До их цели оставалось часа два езды.

На высоком берегу реки Альты шумела и волновалась княжеская дружина. Люди спешно разбирали шатры, складывали походное имущество на возы, седлали коней. Дружина готовилась к спешному отъезду. Лишь несколько шатров оставались нетронутыми. У одного из них стоял высокий красивый юноша. Глаза его грустно смотрели на шумную толпу, окружавшую его. Из толпы вышел высокий старик в богатой боярской одежде.

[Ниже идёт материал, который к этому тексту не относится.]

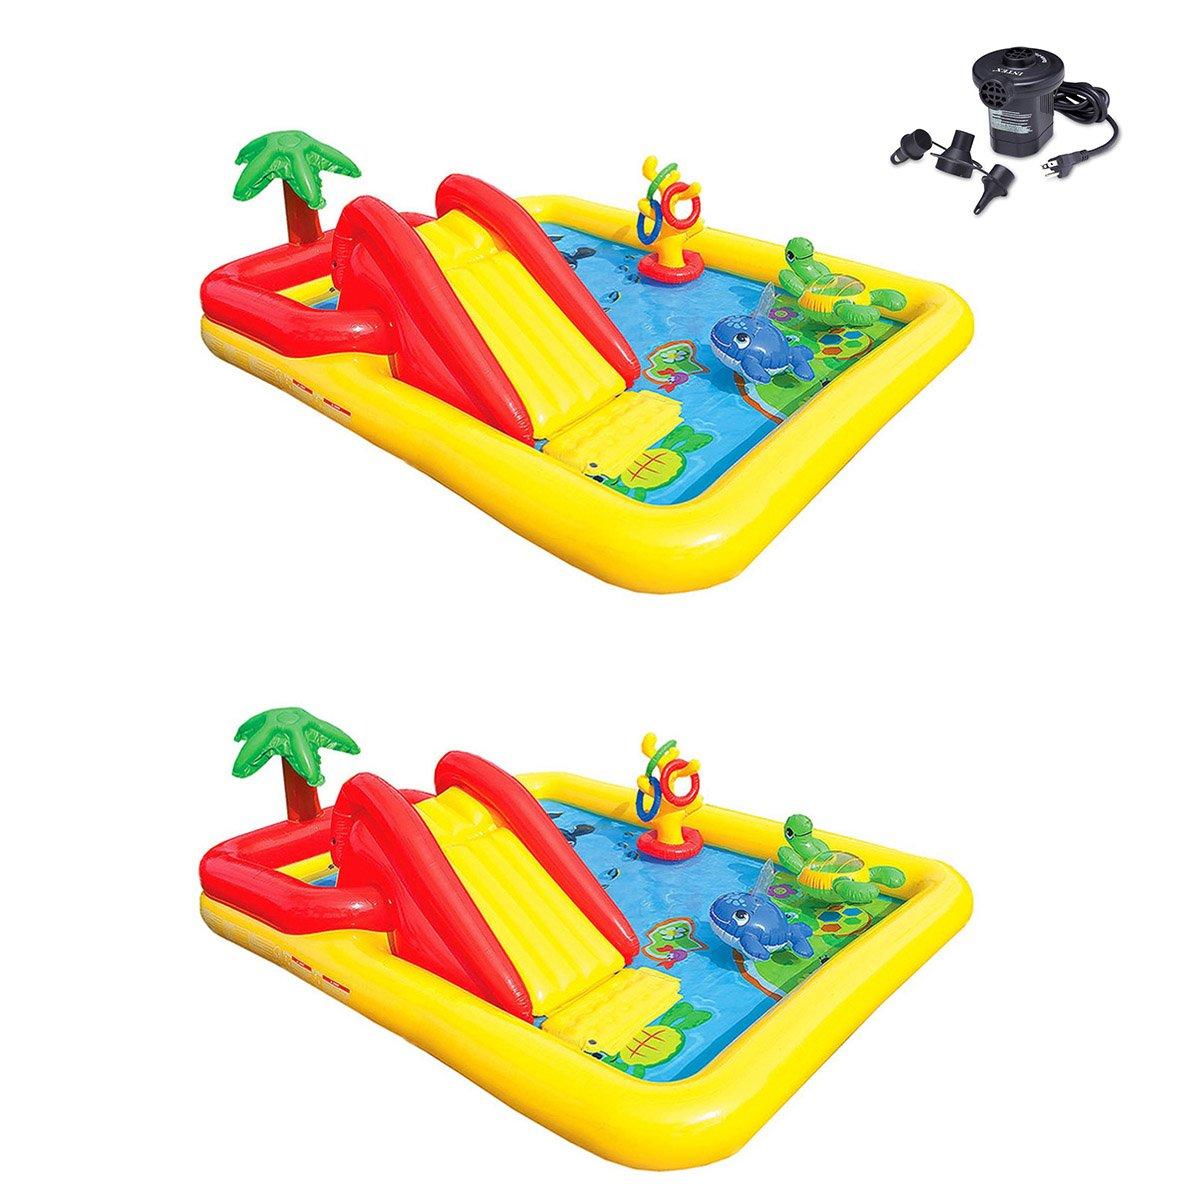 Intex Inflatable Ocean Play Center Kids Backyard Pool (2 Pack) + Air Pump by Intex (Image #1)

   — Выслушай, княже, последнюю нашу речь, — проговорил он. — Не видишь ли ты перста Божия в том, что мы вовремя предуведомлены о грозящей тебе опасности, хотя гонцам и трудно было опередить посланных Святополком. Ты был любимым сыном Владимира, великого князя нашего, и тебе, надежде и любимцу народа, сулил он передать престол свой. Помни это. Справиться с посланными Святополка — пустая задача. Скажи слово — и ото всей их дружины следа не останется. Надо будет — все мы ляжем на этом поле, а тебя сохраним для Руси...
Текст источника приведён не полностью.